Glenmark Pharmaceuticals on Thursday said its net profit dropped 78% to Rs104.7 crore for the quarter ended December on sharp decline of US sales, despite growth in domestic formulations as well as other geographies.
The company reported a net profit of Rs 477.10 crore for the previous corresponding quarter.
Glenmark’s consolidated revenue also declined by 13.07% at Rs2,203.66 crore for the third quarter ended 31 December, as against Rs2,535 crore.
“The overall performance was driven by our India, Europe, ROW and API business. The US business continues to be very challenging. The India business rebounded and has shown good sales growth due to improvement in the overall demand environment,” Glenmark Pharma chairman Glenn Saldanha said in a statement.
The company’s revenues from US market declined by 40.21% at Rs735.8 crore in Q3 as against Rs1,230 crore in the corresponding quarter last year.
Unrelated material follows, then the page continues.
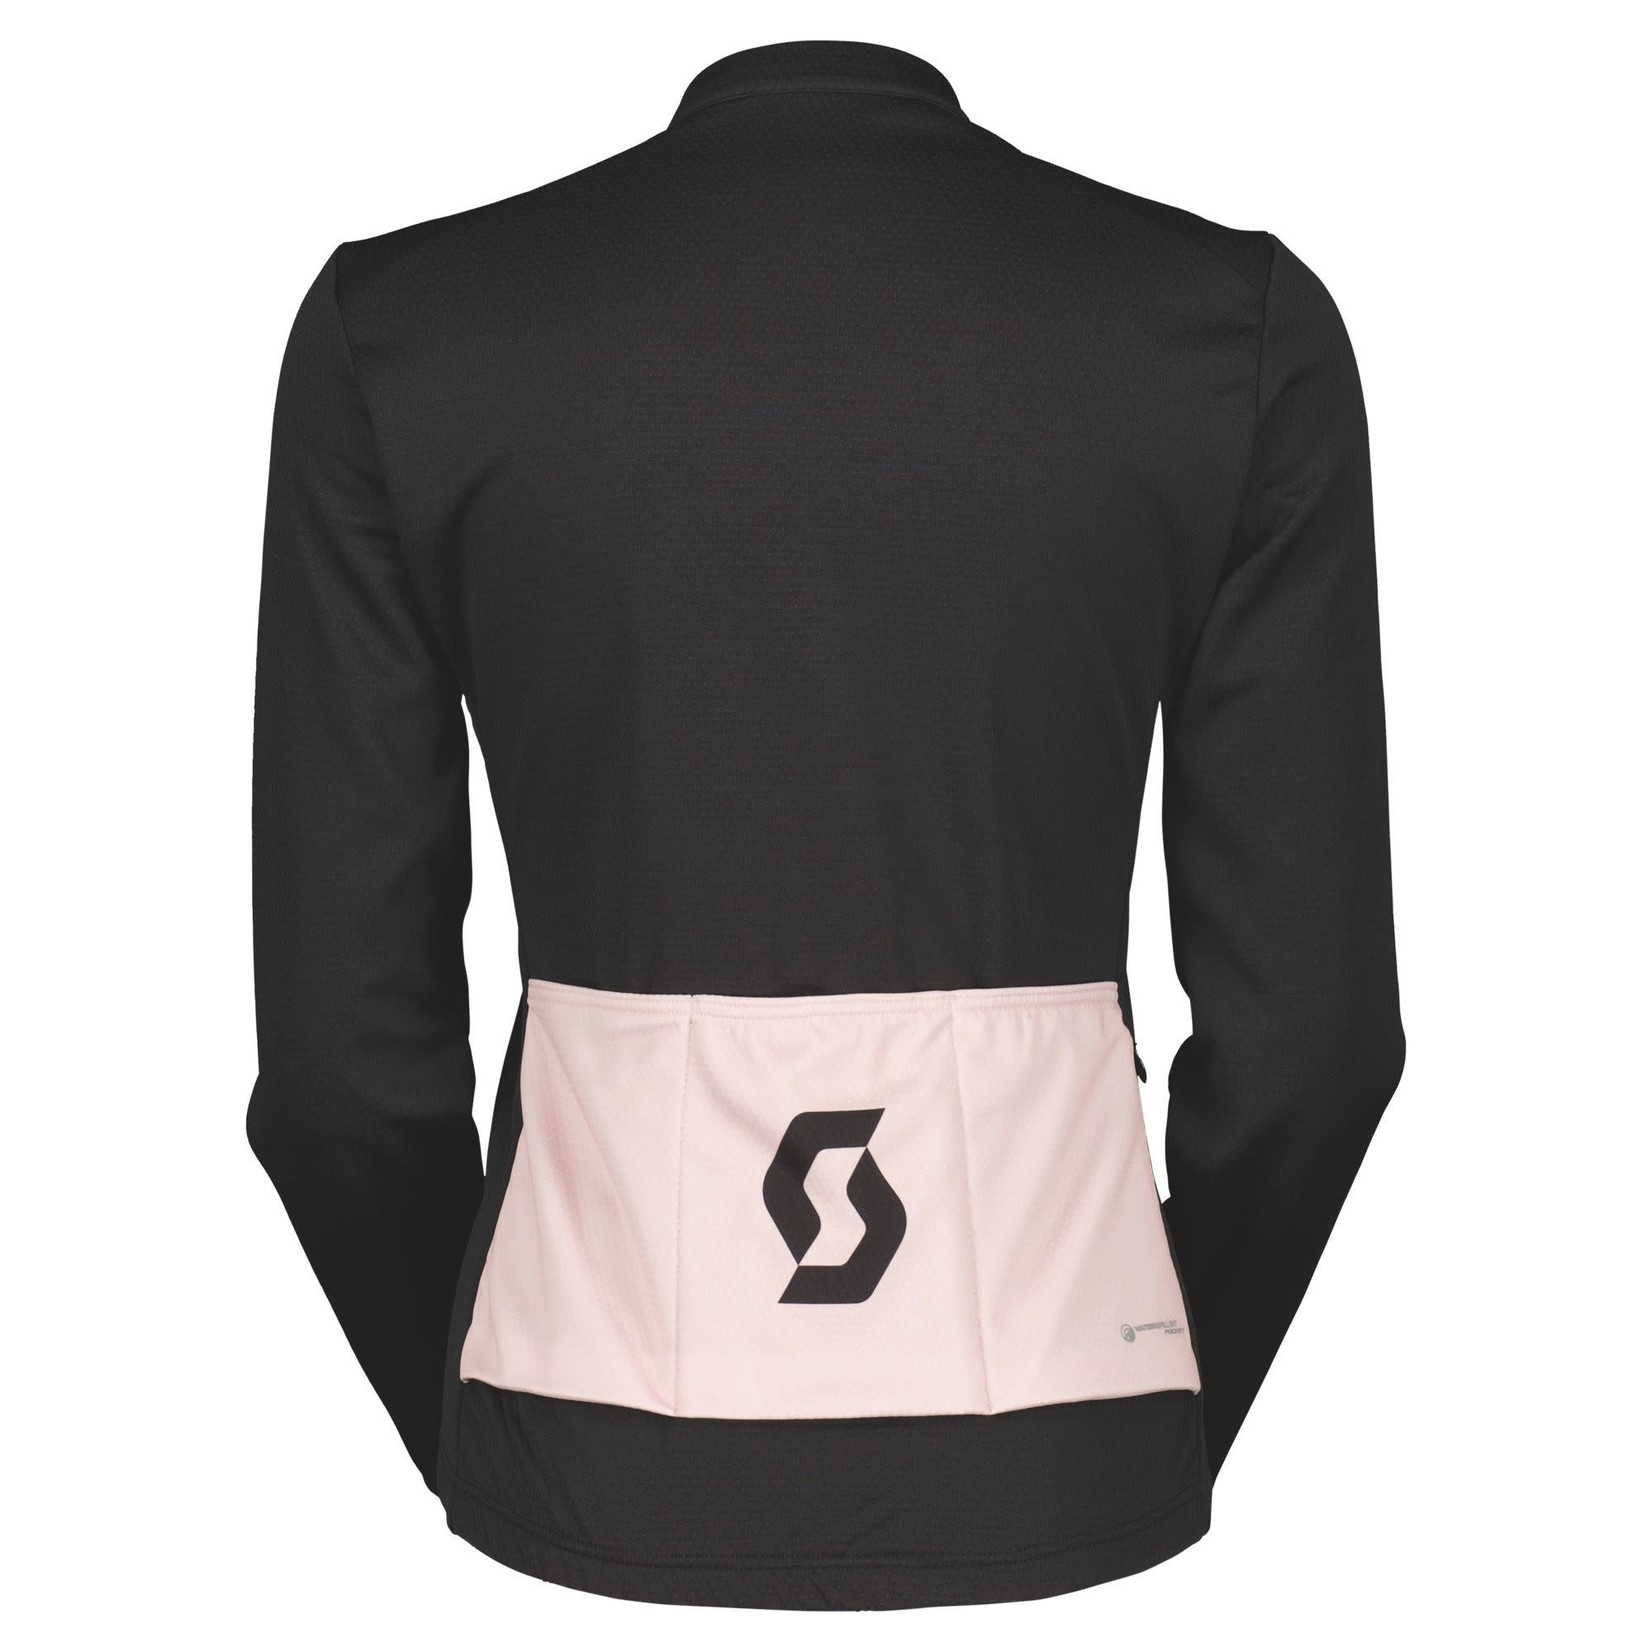 Maillot à Manches Longues RC Warm W'S Black/Sweet Pink XS - 271582

The revenue from Latin American market also declined by 5.15% at Rs89.8 crore from Rs94.7 crore in the previous year’s third quarter.
However, sales for the formulation business in India witnessed 11.92% jump in revenues at Rs578.5 crore for the quarter ended December from Rs516.8 crore in the corresponding period last year, the release said.
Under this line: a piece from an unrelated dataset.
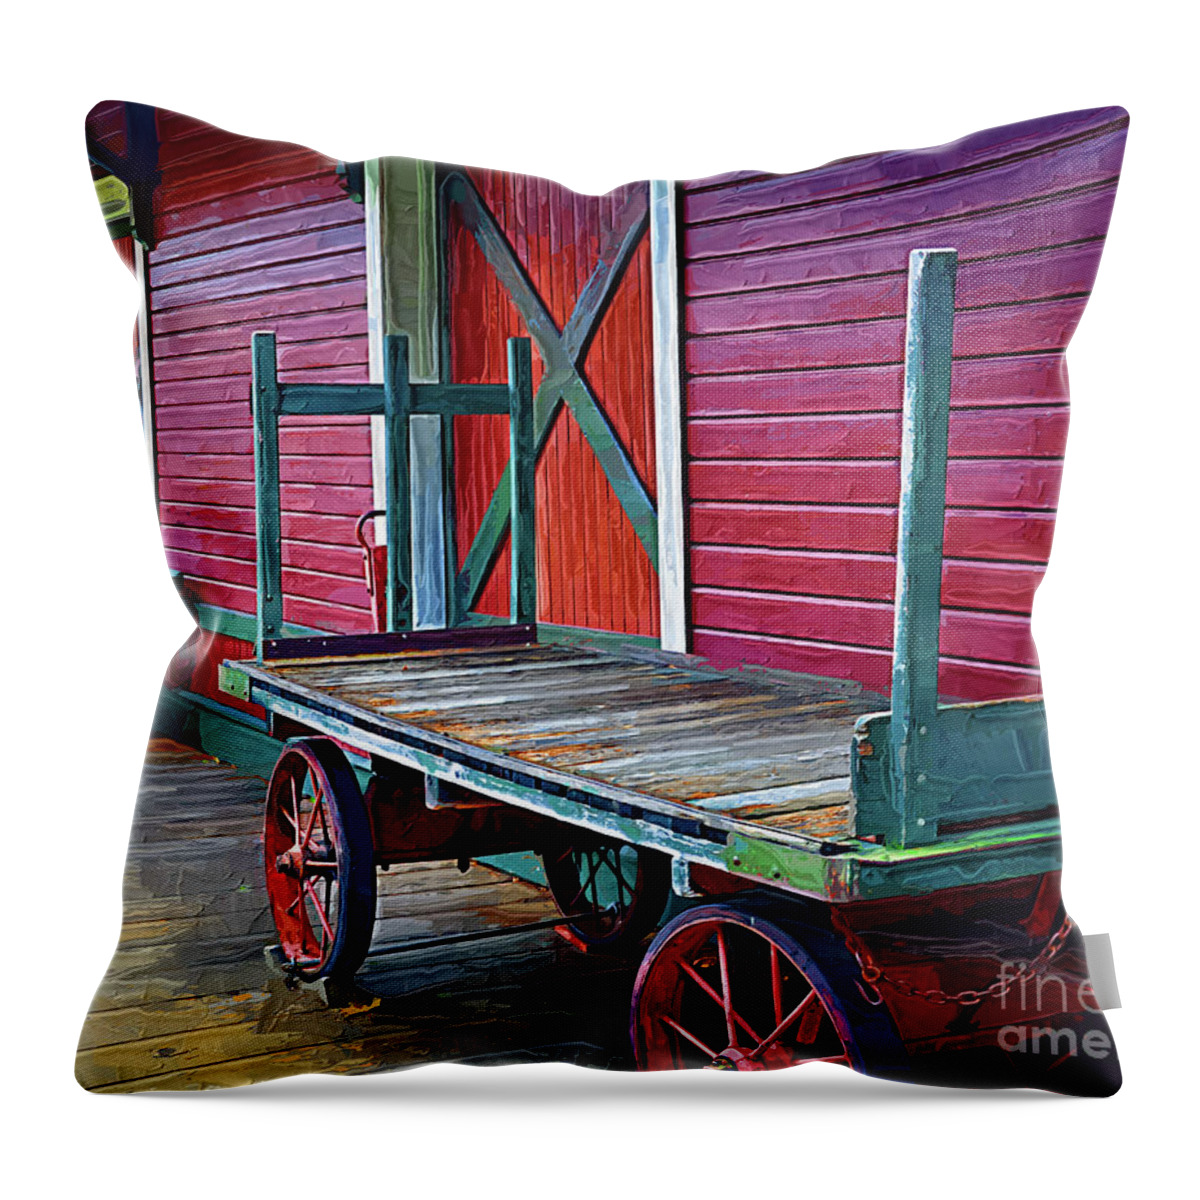 Railroad-station Throw Pillow featuring the digital art Train Carts by Kirt Tisdale

Glenmark Europe’s operations revenue for the quarter ended 31 December, was at Rs2,24.75 crore as against Rs1,95.70 crore, recording a growth of 14.84%. Revenue from sale of API to regulated and semi-regulated markets globally was Rs2,31.6 crore for the quarter ended 31 December against Rs192.05 crore for the previous corresponding quarter, registering an increase of 20.62%.
“We reported positive results of Ryaltris (formerly GSP 301) phase 3 safety trial in perennial allergic rhinitis.
Glenmark plans to submit the company’s first New Drug Application (NDA) to the FDA for Ryaltris for the treatment of patients with Seasonal Allergic Rhinitis (SAR) in the first half of 2018,” Saldanha said.
“On the novel biologics side, we continue to make progress on our biological assets with GBR 1342, a bi-specific antibody targeting multiple myeloma by initiating phase 1 trials,” he added.